= New Quantity System =

Ancient changes to Celtic languages

The New Quantity System, or the Great British Vowel Shift, was a radical restructuring of the phonological system of the Common Brittonic language which occurred sometime after the middle of the first millennium AD, resulting in the collapse of the early Brittonic system of phonemic vowel length oppositions, which was inherited from Proto-Celtic, and its replacement by a system in which the formerly allophonic qualitative differences between long and short vowels is phonemicized, and vowel length becomes allophonic, and is determined by stress and syllable structure.

==Date==

Kenneth Jackson dates the New Quantity System to about 600 AD. Kim McCone, noting that the process took quite a long time, dates it to some point in the seventh century.

==Motivation==
Jackson points out the similarities between this system and the vowel length changes in Vulgar Latin, and describes the Brittonic New Quantity System as "the result of a re-arrangement of the syllabic division."
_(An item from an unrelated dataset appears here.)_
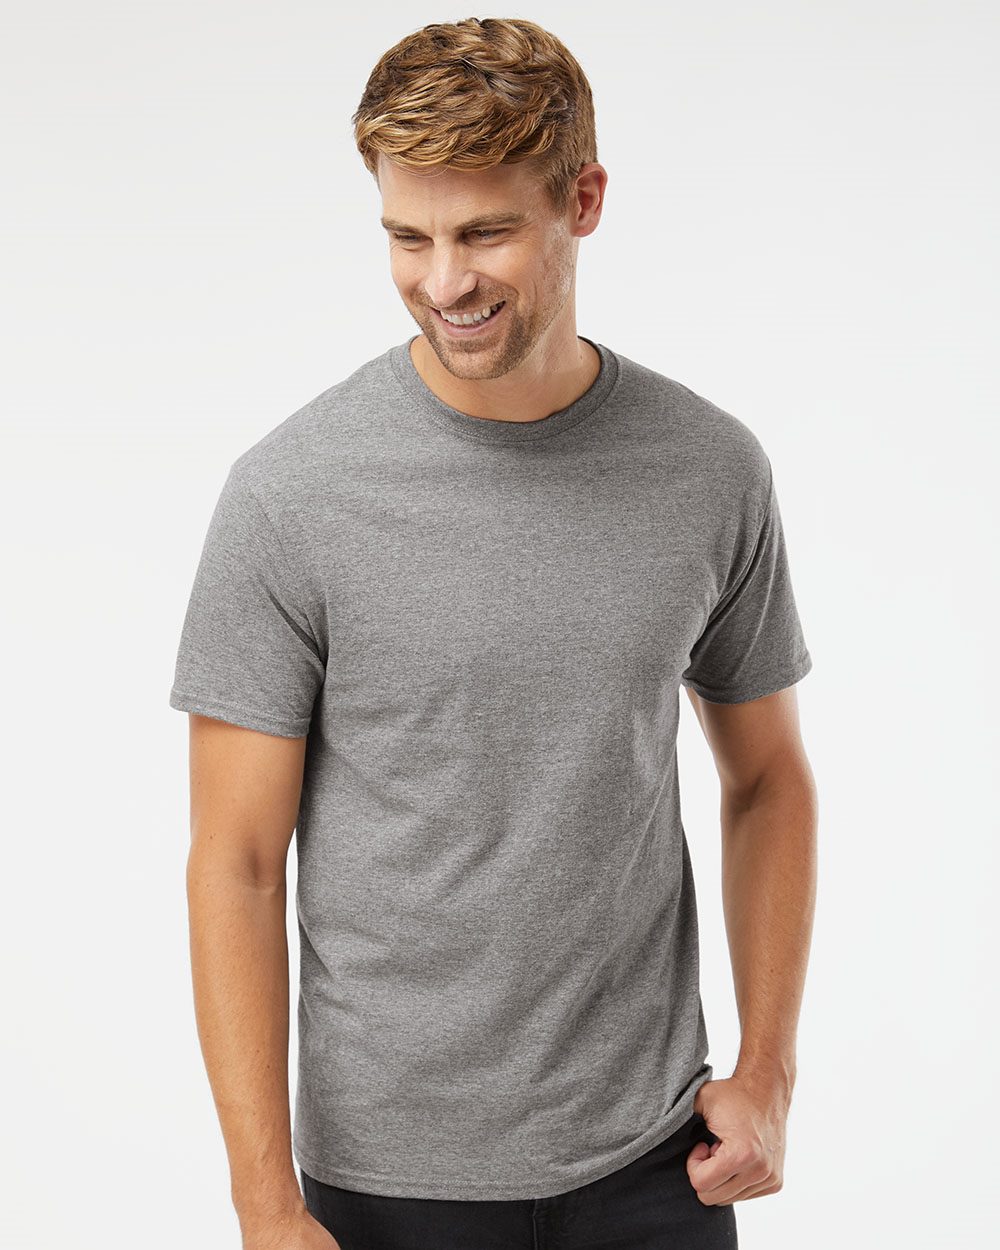 Pretreated Fruit of the Loom 3930R HD Cotton Short Sleeve T-Shirt

John Morris-Jones argued that it developed to compensate for the loss of final syllables, "for the lengthening of short vowels originated at the time of the loss of the ending, and is due to compensation for that loss."

McCone describes the new system as a case of what Martinet termed 'isochrony', "the condition that arises from the elimination of the phonemic feature of vowel length...the end result is always a situation in which the length of every vowel in a sequence basically depends upon phonematic or prosodic environment and one may surmise that isochrony is regularly arrived at through the lengthening of certain originally short vowels that had become too short for their environment and through the shortening of other originally long vowels that had become too long for the checked or unaccented syllables in which they occur."

McCone argues that, following phonetic changes in early Brittonic long vowels, "the resultant system of long vowels with the hitherto essentially unchanged set of five short vowel phonemes reveals some reduction in the role of length as a distinctive feature." This was followed by significant shifts in the realization of short vowel phonemes, causing vowel length to first become less relevant, then eventually "phonemically redundant", and finally "synchronically predictable throughout"

==Rules==
In Late Common Brittonic, before the stress accent shifted from the final syllable to the penultimate syllable, the New Quantity System operated as follows, with few exceptions:

- vowels are long in stressed final syllables if they are in word-final position or before a single lenis consonant.
- vowels are short before fortis or geminate consonants, and consonant clusters.

This means that there is not necessarily any agreement between vowel length in early and late Common Brittonic:
- In stressed syllables, early Brittonic short vowels become long when final or before lenis consonants:
  - e.g. early Brittonic *sĕnŏs 'old' > late Brittonic *hen /[heːn]/

- In any syllable, early Brittonic long vowels become short before fortis, geminate, or groups of consonants:
  - e.g. early Brittonic *wīskā 'clothing' > late Brittonic *wisk /[wisk]/.

- Originally long vowels may remain long if they comply with the above rules:
  - e.g. early Brittonic *sīrŏs 'long' > late Brittonic *hir /[hiːr]/

- Similarly, short vowels may remain short:
  - e.g. early Brittonic *pĕnnŏn 'head' > late Brittonic *penn /[penː]/

Jackson argues that the vowel in unstressed (penultimate) syllables must have been short, even before single lenis consonants, but Peter Schrijver argues that it seems possible that quantitative differences could occur in this position.

==Later changes==
Following the accent shift in polysyllables from the final to the penultimate syllable around the eleventh century, which apparently occurred independently and simultaneously in Old Welsh, Old Cornish, and Old Breton, the now unstressed vowel in final syllables of polysyllabic words became or remained short, and geminate consonants in final syllables were simplified. The now stressed vowel in penultima in polysyllables became either long (as in Modern Breton) or half-long (as in Modern Welsh), unless followed by a fortis or geminate consonant, or a consonant cluster. Stressed vowels in monosyllables remained long.